> **Work request**
Skip the pictures. Output only the lines below starting at the line with "Szklany pojemnik ze słomką Vivalto" and ending at the line with "Logo do its Brasil", both ends included, exactly as they are.

> **The data**
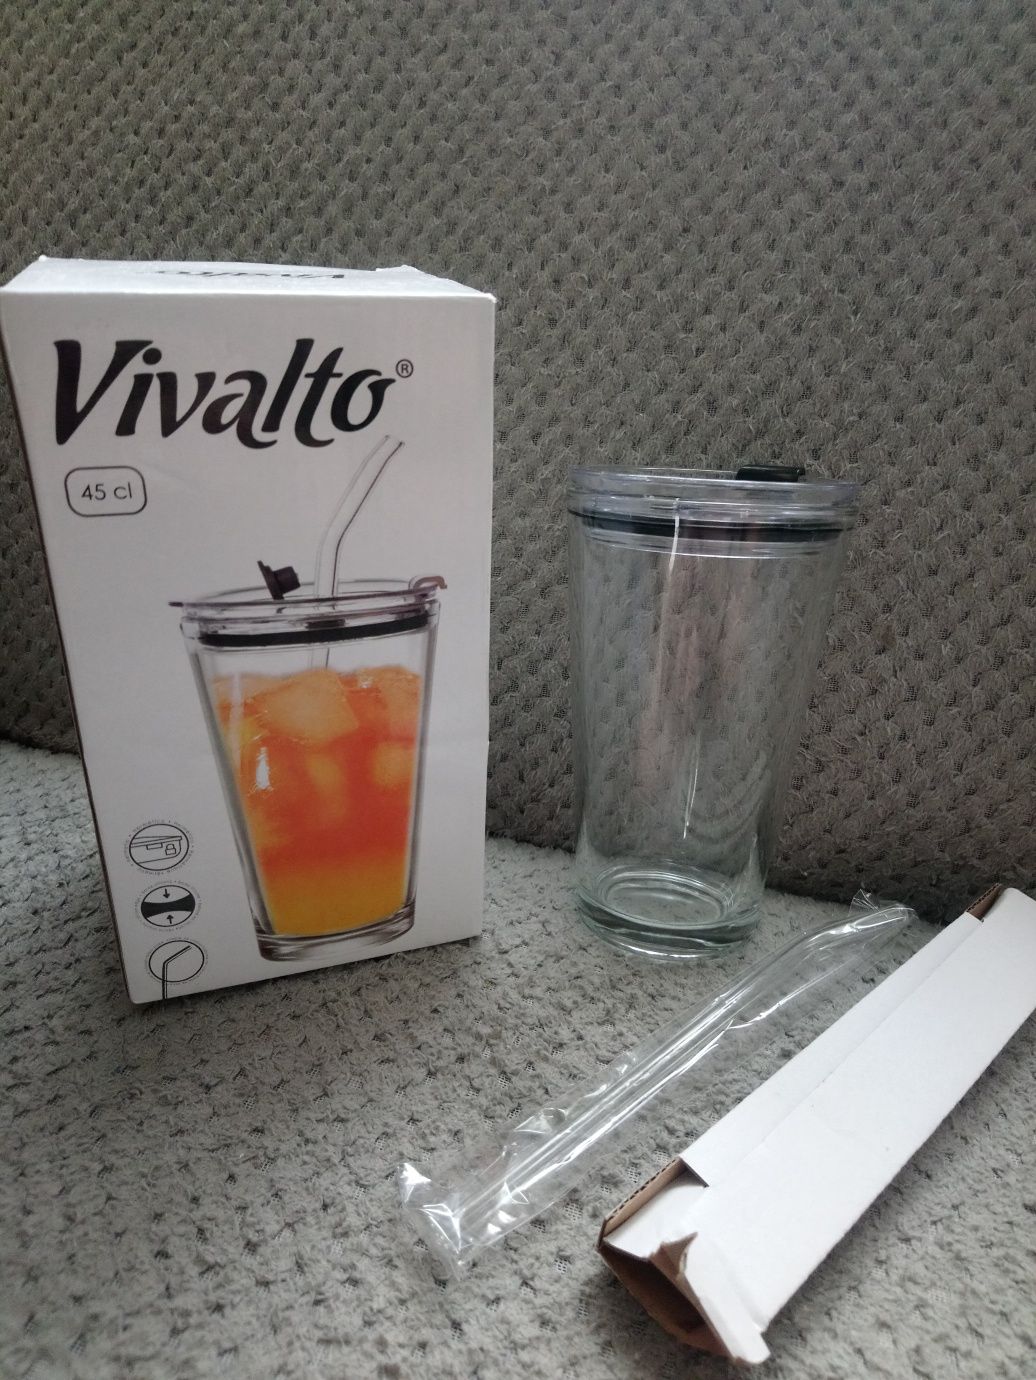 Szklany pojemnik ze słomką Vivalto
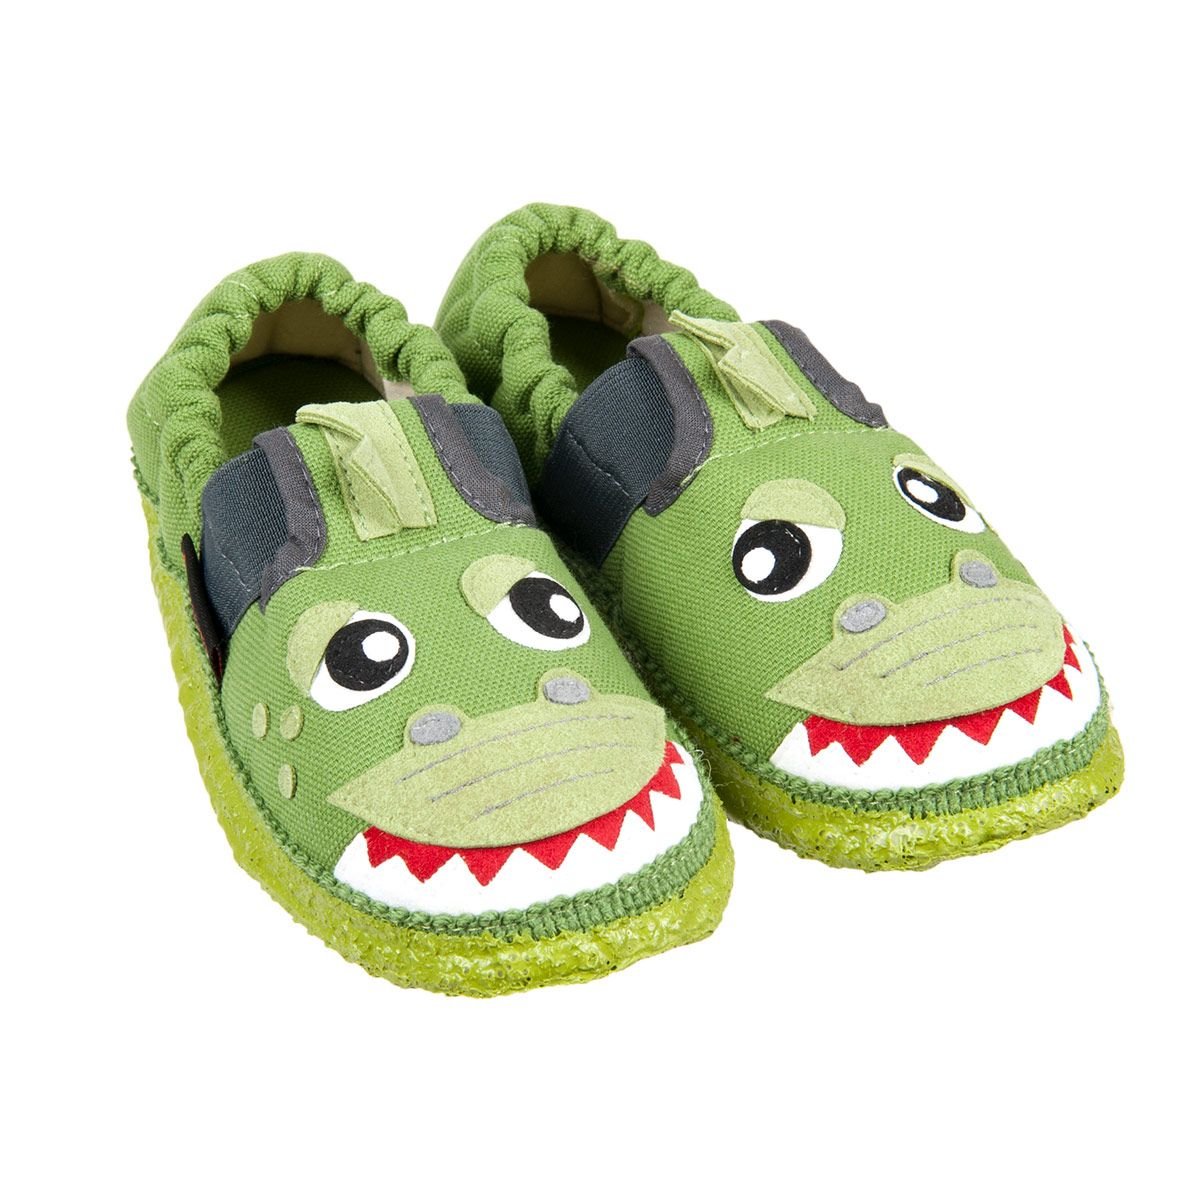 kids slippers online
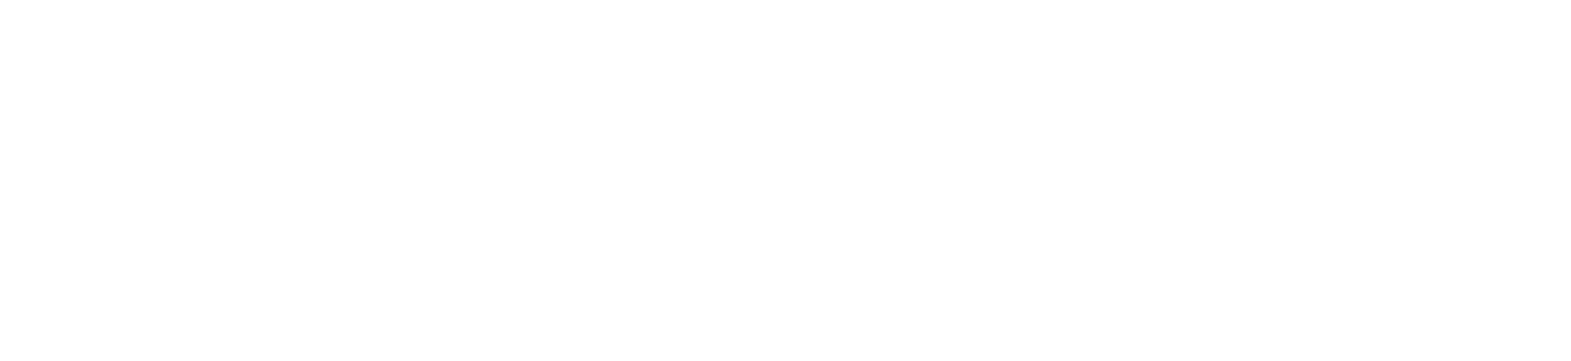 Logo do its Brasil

---

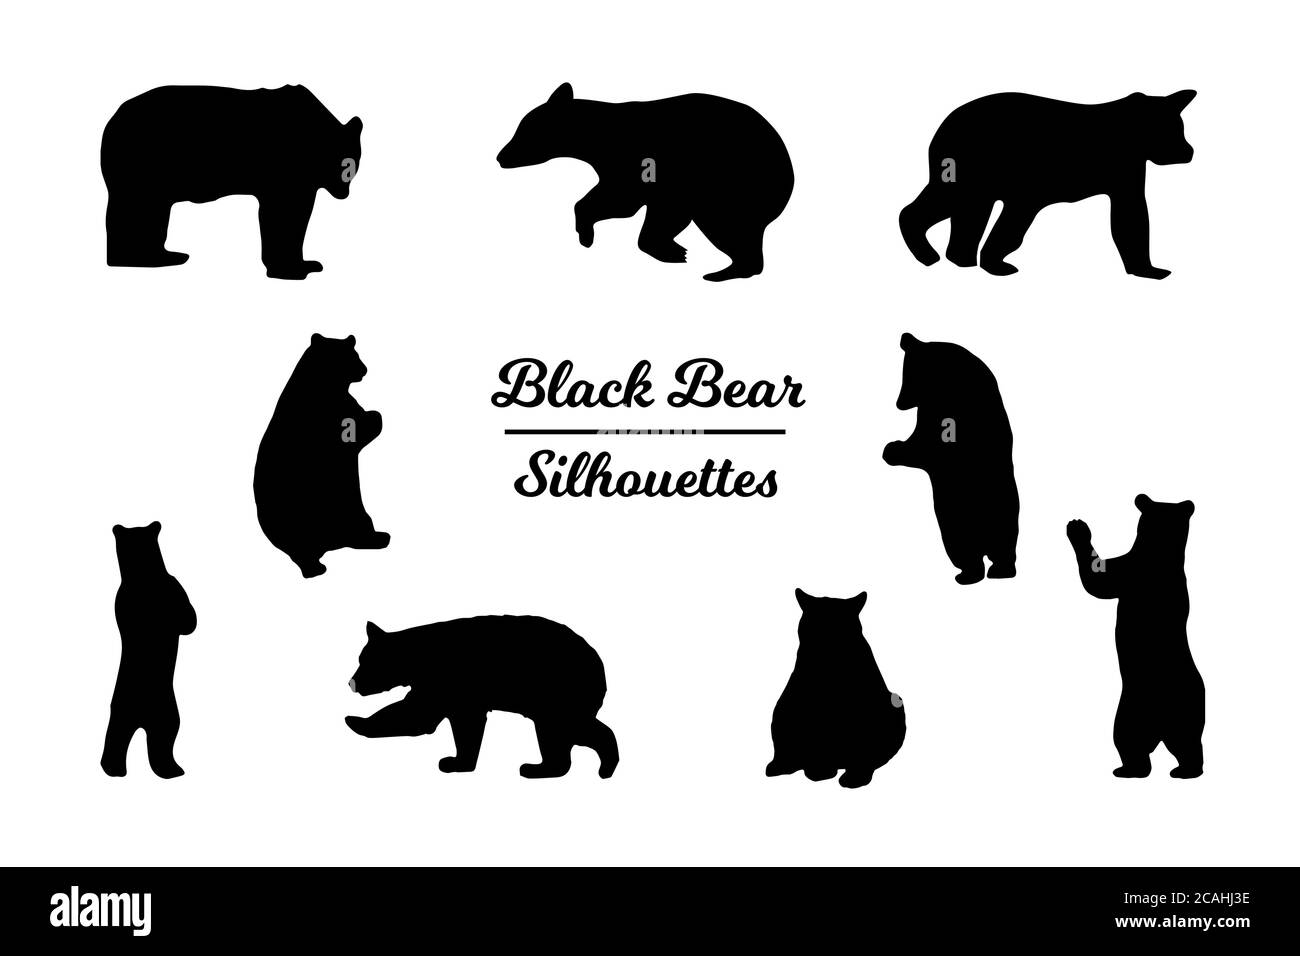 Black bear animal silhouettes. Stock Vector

--

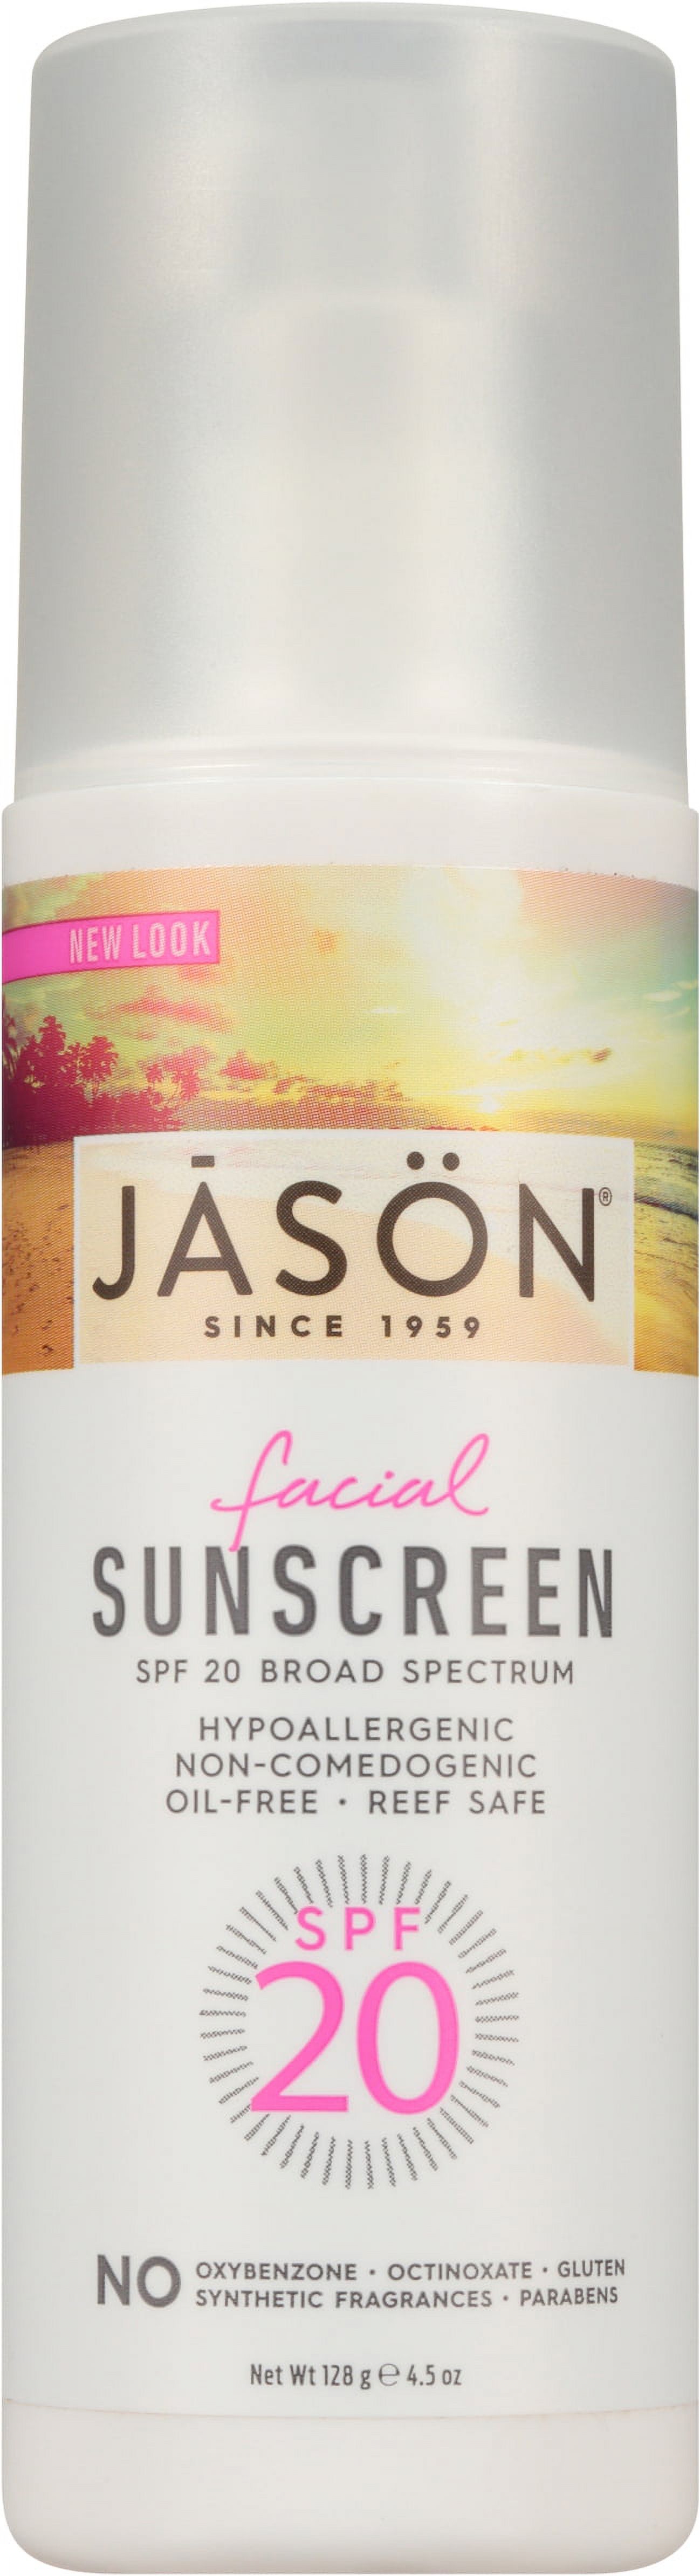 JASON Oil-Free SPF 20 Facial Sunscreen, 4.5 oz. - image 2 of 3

> **Answer to this exercise**
 Szklany pojemnik ze słomką Vivalto
 kids slippers online
 Logo do its Brasil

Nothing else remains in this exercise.